The job took me away for a while as it sometimes does. While the corn was lost as a result of drought and neglect, the experimental plot held on longer and is showing more weed growth than the experimental plot.

I still have 2 buckets of grass clippings out there that have been rotting away for the past 3 months. The smell is gone and has been gone for a couple of months. Lack of rain for the last few weeks has exposed the top couple of inches. I'm getting some kind of unidentified larva squirming around the top of one bucket. The top inch of material in each bucket is a dark brown-mud looking mess. Under that the clippings are a lighter brown and fully recognizable-looks like soaking wet hay. The very top of the bucket with the larvae is drying and appears to be forming a sort of skin (gley?). This larvae bucket did not have the liquid removed. The initial nutrients were still in there. In the other bucket, it was drained a couple of times.

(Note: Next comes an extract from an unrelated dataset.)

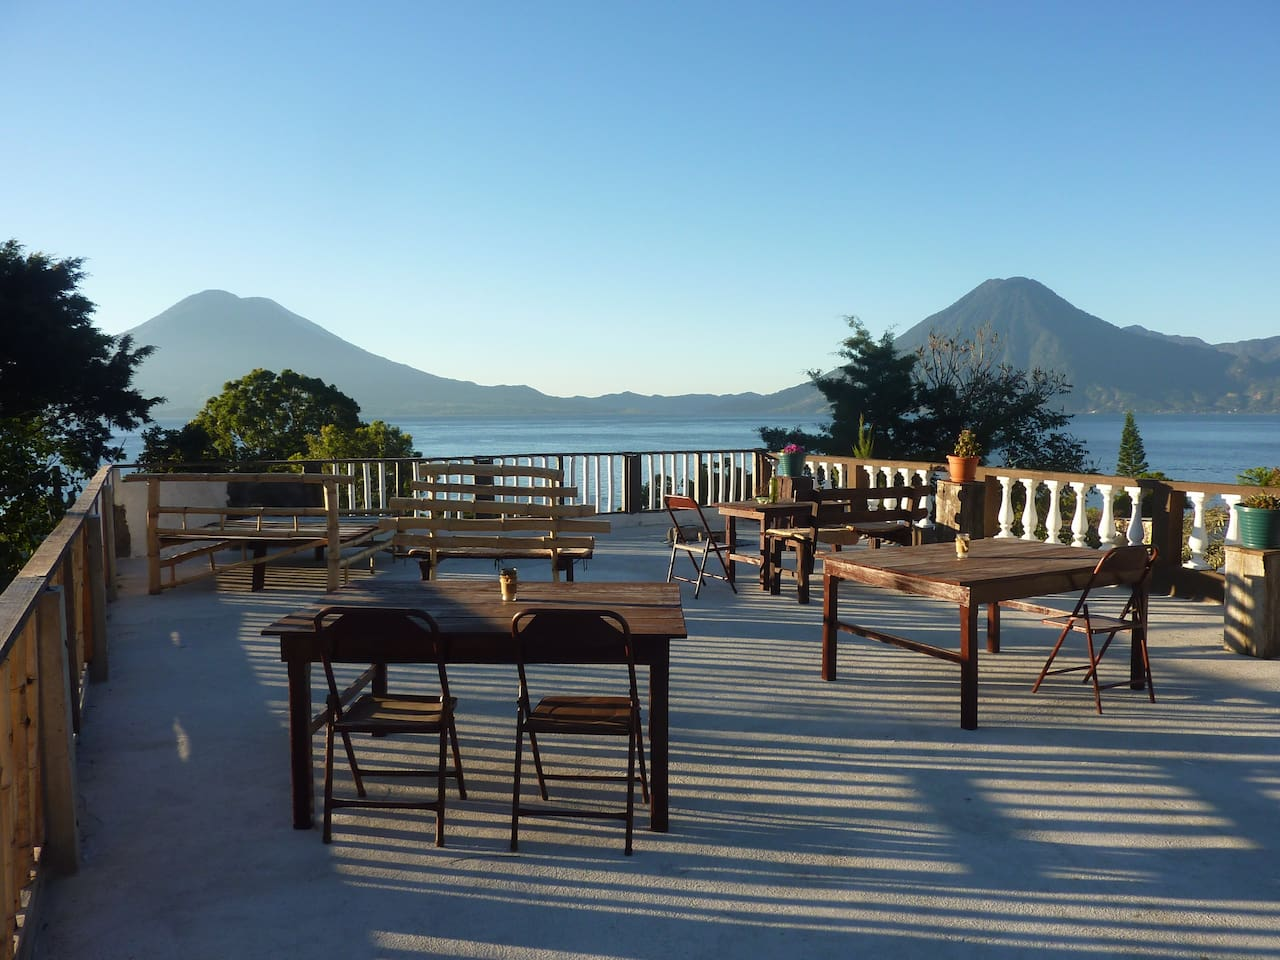 The Casa Kaktus terrace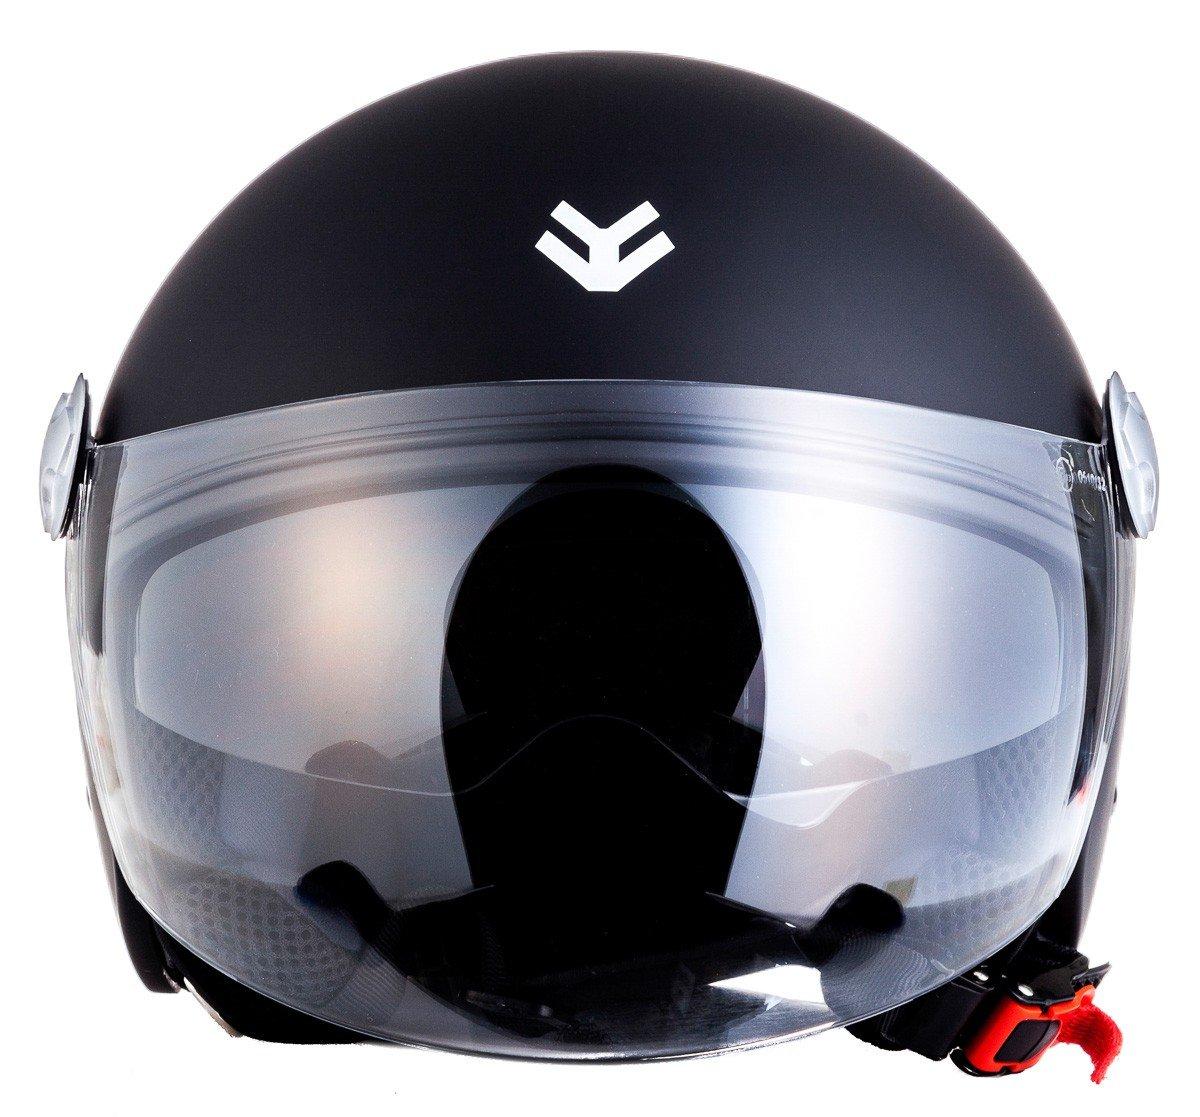 "/· Open Face Helmet /· Scooter Retro Motorcycle Pilot Jet Motorbike /· ECE certified /· Separate Visors /· Click-n-Secure Clip /· Carrier Bag /· XL 61-62cm red Armor /· AV-63 /""Fun Red/"""

It's not much data to go on, but I'm leaning towards the idea that grass clippings have a use in making a liquid fertilizer, but it is limited to the first few days. This is the time needed to leach out the water soluble nutrients. After that the grass clippings are spent for this project. They can still serve a compost or mulching function. I'm thinking they might also serve a vermicompost environment without heating it up as do fresh grass clippings.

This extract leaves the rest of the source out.